I think the simplest model one could reasonably look at is this: Let [itex]V(t)[/itex] be the amount of material in the hopper at time [itex]t[/itex]. Suppose that material falls in to the hopper at a constant rate [itex]k_0 > 0[/itex]. Suppose that the rate at which material is discharged is, when the exit valve is open, [itex]k_0 + k_1V[/itex] with [itex]k_1 > 0[/itex] (chosen on the assumption that, if the hopper is empty when the valve is open, material falls straight through from the conveyor).

Suppose that the valve is closed for [itex]0 < t < T_1[/itex] and open for [itex]T_1 < t < T_2[/itex]. Then the amount of material in the hopper over a single cycle can be modelled by the ordinary differential equation
[tex]
\frac{\mathrm{d}V}{\mathrm{d}t} = \left\{\begin{array}{r@{\quad}l}
k_0 & 0 < t < T_1 \\
-k_1V & T_1 < t < T_2\end{array}\right.
[/tex]
subject to [itex]V(0) = V_0[/itex].
This equation can be solved analytically to give
[tex]
V(t) = \left\{\begin{array}{r@{\quad}l}
V_0 + k_0t & 0 \leq t \leq T_1 \\
(V_0 + k_0T_1)\exp(-k_1(t - T_1)) & T_1 < t \leq T_2\end{array}\right.
[/tex]
A drawback of the linear model is that the hopper never completely empties: [itex](V_0 + k_0T_1)\exp(-k_1(t - T_1)) > 0[/itex] for all [itex]T_1 < t \leq T_2[/itex] and all choices of the parameters.

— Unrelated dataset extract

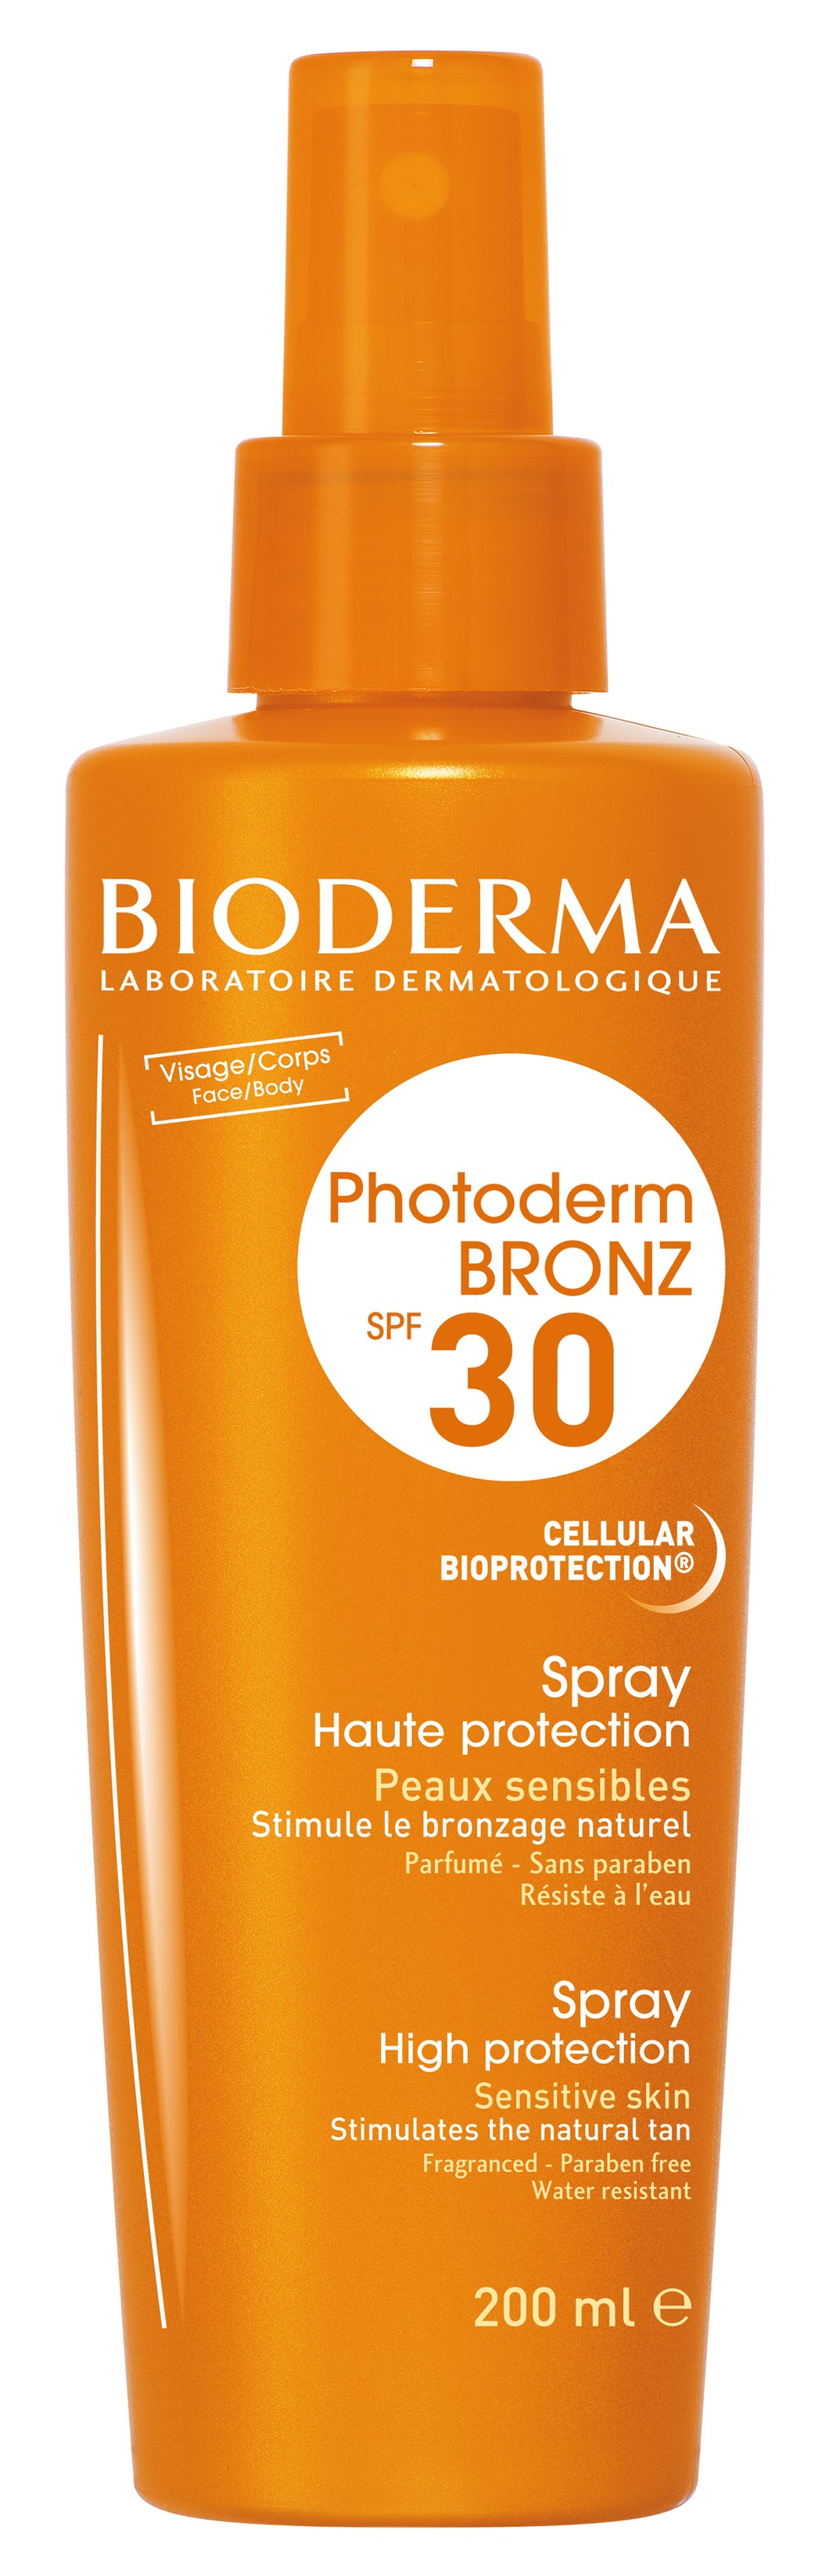 Bioderma Photoderm Bronz Spray SPF30 200 ml

However, it is possible to show that the amount of material in the hopper at the end of a cycle tends to a finite limit: Let [itex]V_n = V(nT_2)[/itex] for positive integer [itex]n[/itex]. Then
[tex]
V_{n+1} = (V_n + k_0T_1)\exp(-k_1(T_2 - T_1))
[/tex]
This is a linear recurrence relation, which can be solved to give
[tex]
V_n = (V_0 - B)a^n + B
[/tex]
where
[tex]a = \exp(-k_1(T_2 - T_1)) \\
B = \frac{k_0T_1\exp(-k_1(T_2 - T_1))}{1 - \exp(-k_1(T_2 - T_1))}[/tex]
Since [itex]0 < a < 1[/itex], [itex]V_n \to B[/itex] as [itex]n \to \infty[/itex].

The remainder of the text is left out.